Поиск последовательностей белка-прототипа в БД PDB и БД UniProt.
На сайте банка PDB по ID 1okc был найден нужный белок.
Его последовательность скачана по ссылке FASTA Sequence(файл).
Для поиска белка в БД UniProt я использовала SRS(файл).
Их сравнение в (файле)
Характеристики выравнивания:
# Gap_penalty: 10.0
# Extend_penalty: 0.5
#
# Length: 298
# Identity: 297/298 (99.7%)
# Similarity: 297/298 (99.7%)
# Gaps: 1/298 ( 0.3%)
# Score: 1542.0
Последовательности отличаются по одному аминокислотному остатку: в записи PDB отсутствует первый метионин.

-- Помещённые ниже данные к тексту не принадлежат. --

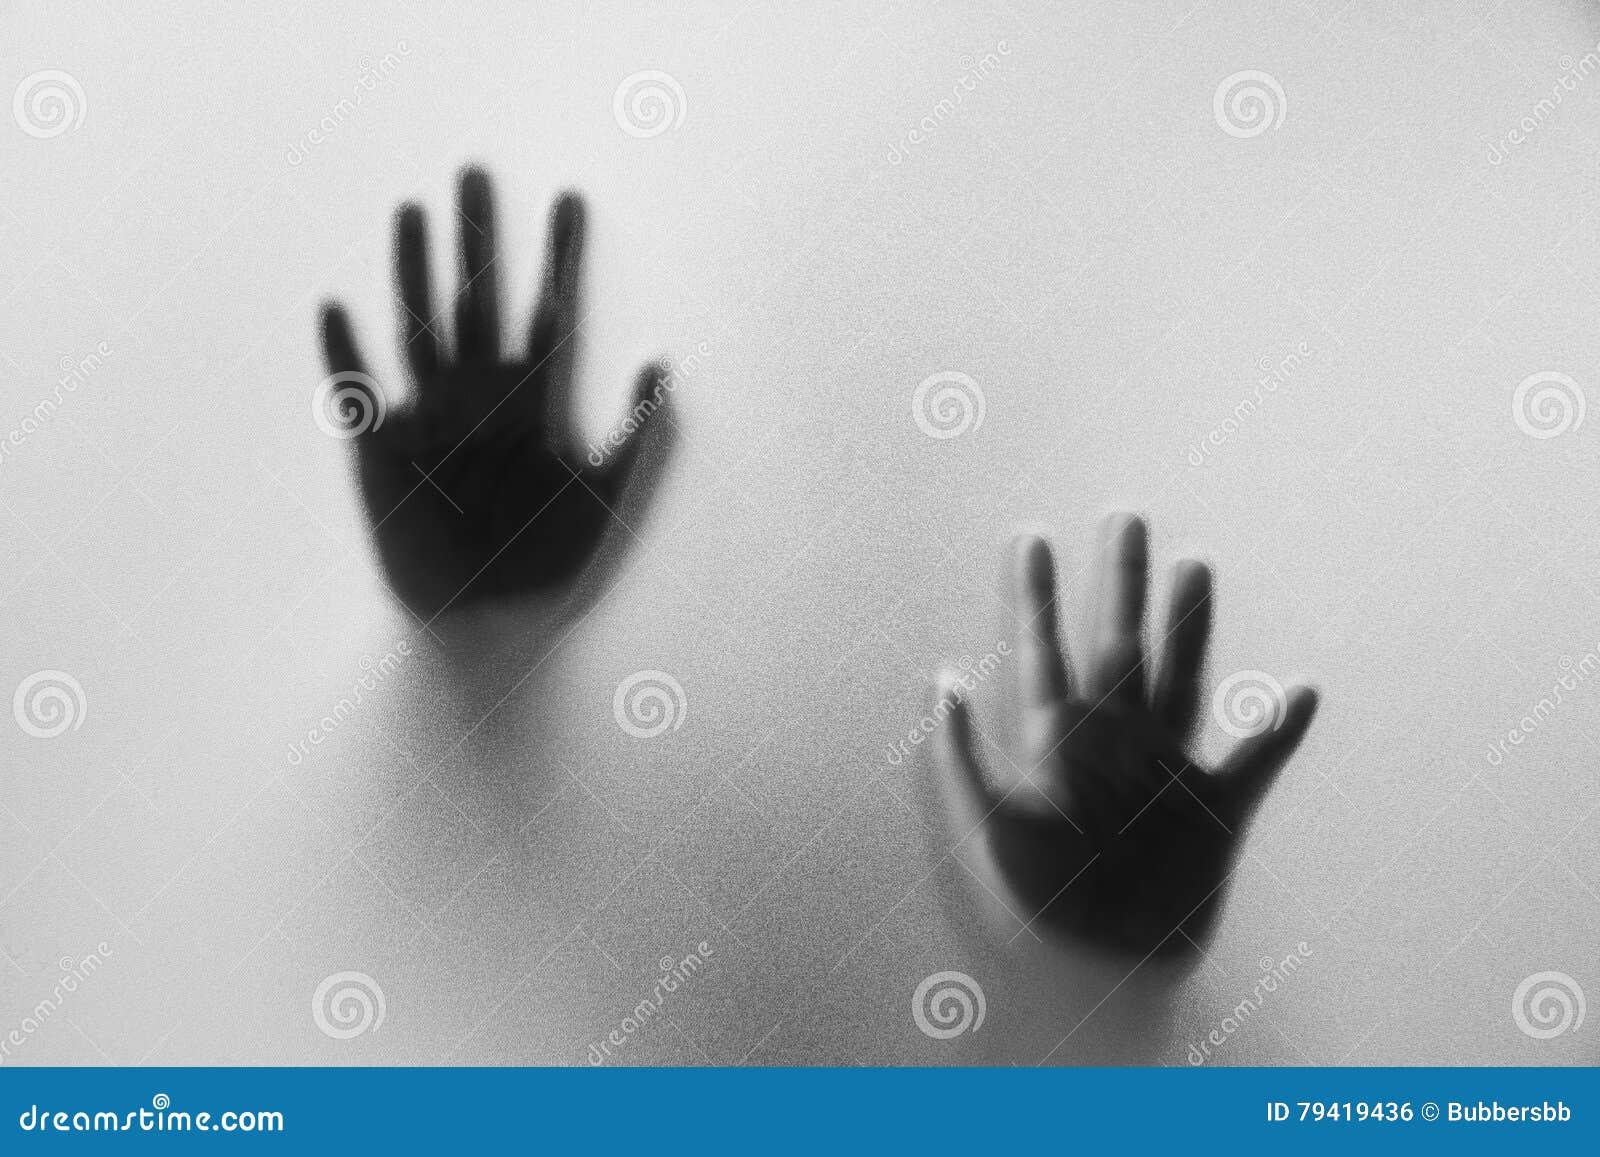 Ombreggi le mani dell 39 uomo dietro vetro glassato abstrac for Planimetrie della caverna dell uomo

По идентификатору UniProt (Q5KSP4)получена последовательность заданного белка(файл).
Программой needle построено парное выравнивание этой последовательности и
последовательности белка-прототипа из PDB(файл).
Характеристики выравнивания:
# Gap_penalty: 10.0
# Extend_penalty: 0.5
#
# Length: 298
# Identity: 263/298 (88.3%)
# Similarity: 281/298 (94.3%)
# Gaps: 1/298 ( 0.3%)
# Score: 1397.0
Это выравнивание импортировано в GeneDoc и сохраните в файле под названием marking.msf
По ID 1OKC PDB белка-прототипа было найдено описание ориентации белка в мембране в БД OPM (Orientations of Proteins in Membranes database). В соответствии с этим в программе GeneDoc к парному выравниванию заданного белка и прототипа была добавлена еще одна строка-"последовательность", где символами "H" обозначили позиции аминокислот мембранных сегментов,"+" - позиции цитоплазматических петель, "-" - остальные. Результат в файле файл.

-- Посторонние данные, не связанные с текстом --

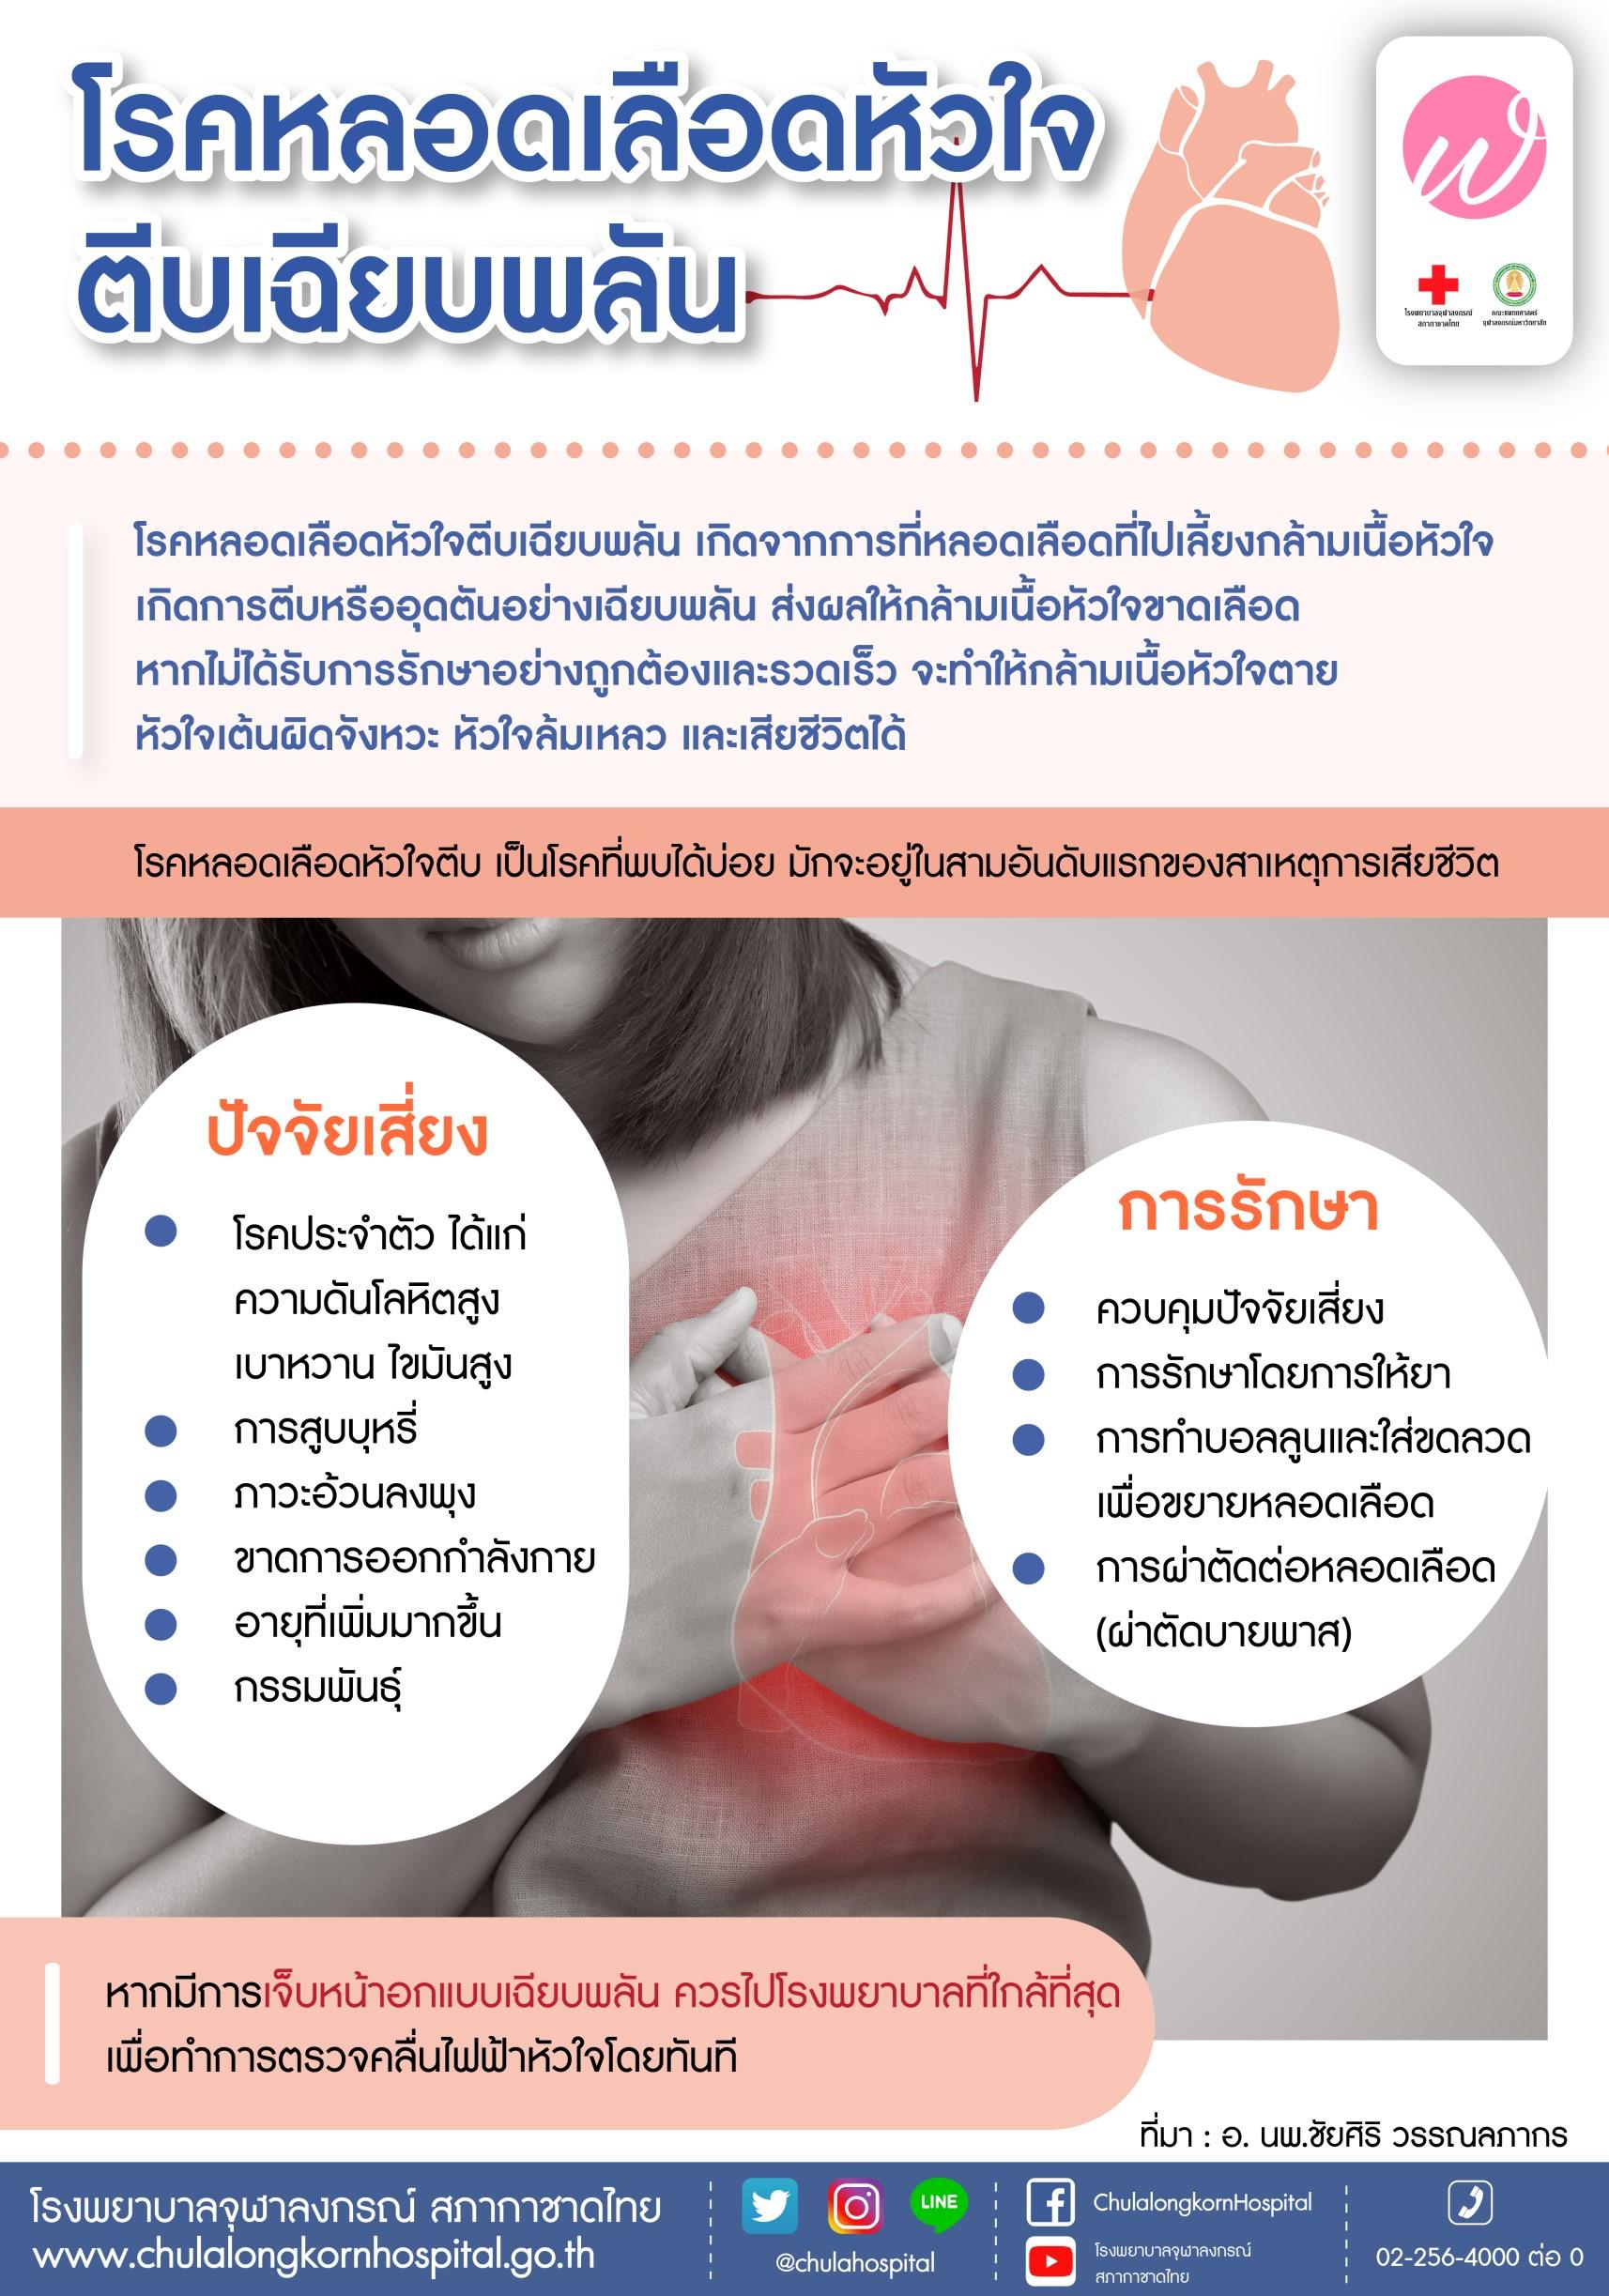 โรคหลอดเลือดหัวใจตีบเฉียบพลัน

Топология заданного белка предсказана с помощью сервера TMHMM(опции по умолчанию). Результат.
В программе GeneDoc к выравниванию была добавлена четвертая "последовательность",
где на основании предсказания TMHMM символами "H" обозначили позиции аминокислот мембранных сегментов,
"+" - позиции цитоплазматических петель, "-" - позиции вне клетки. Результат.
В выравнивании желтым - выровненные последовательности белков, зеленым - позиции мембранных аминокислот,
одинаково предсказанные обоими описанными выше способами. Это же выравнивание в виде текстового файла формата
Clustal.
Сервисом TMHMM структуры были определены с высокой точностью, однако чувствительность метода в данном случае
низкая, так как было предсказано всего 2 мембранные стуктуры из 6,определенных OPM.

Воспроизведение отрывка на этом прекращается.